Only After Effects and FCP can recognize that kind of Canon HDV 24p and extract the right frames out of it *after* capture (so you still have to spend these 2 hours exporting in a lossless format when doing the pulldown removal after you capture from the 60min tape).

I am using Vegas Pro 8, just like you are (I assume). And Vegas doesn't support HV20's kind of pulldown removal. When you import that file on Vegas, it's a 60i file as far as it's concerned. If you force the project settings to IVTC, then the wrong frames are removed.

The only utility that exists that will capture *and* remove pulldown for the HV20 in one go is Cineform's NeoHDV which costs $250 (and unfortunately it's just 8-bit, for 10-bit you gotta pay $500). And all that, for no good reason, because the hardware CAN record "true" 24p, it's just that Canon decides to not save it down as such. It reminds me of Nokia not including Bluetooth A2DP profile support for all their phones, even if all their phones have Bluetooth (they just make a change during compilation to not have the feature in order to segmentize their market artificially).

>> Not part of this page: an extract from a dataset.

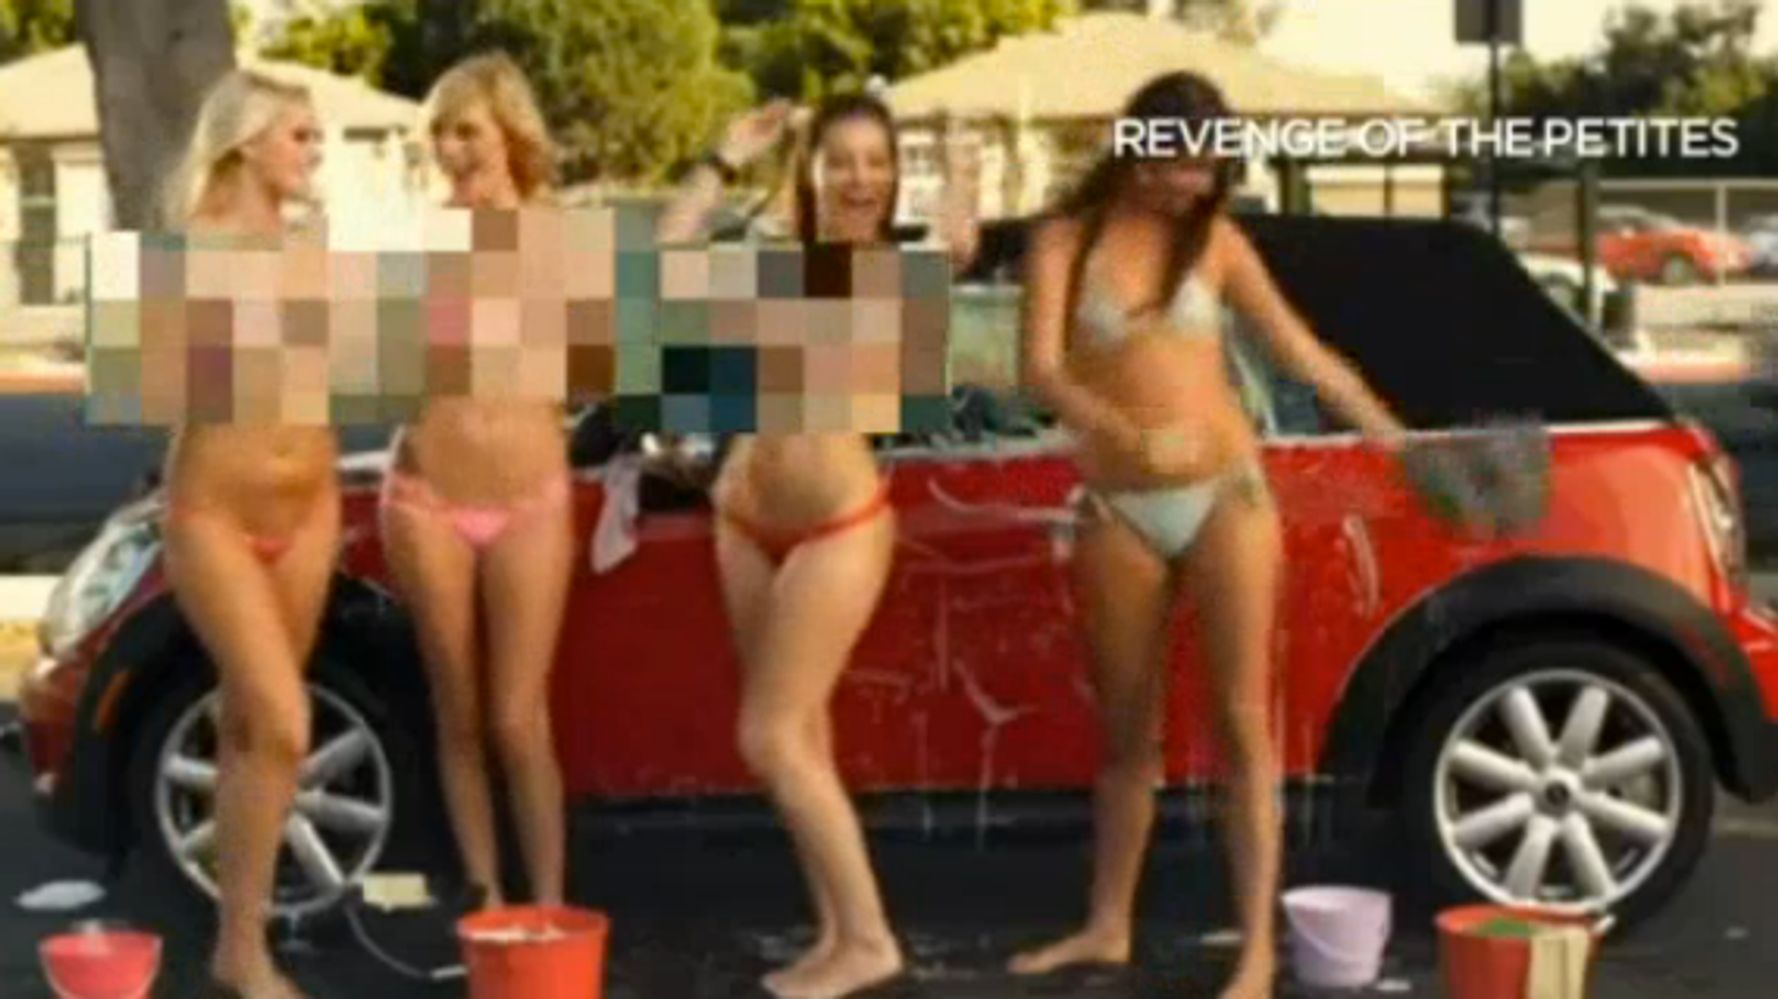 High School Nudes Porn - Porn Shoot Accidentally Allowed At LA High School | HuffPost Weird News

Sorry, but speaking as a prosumer, this is not good enough. I have to spend either an extra $250, or an extra 2 hours each time to get the pulldown removed so my NLE can recognize it *properly* as 24p. Please do some research about what I am talking about here, especially about the HV20 because it's a big deal for HV20 prosumer owners (and even a whole forum was dedicated to this particularly, elsewhere).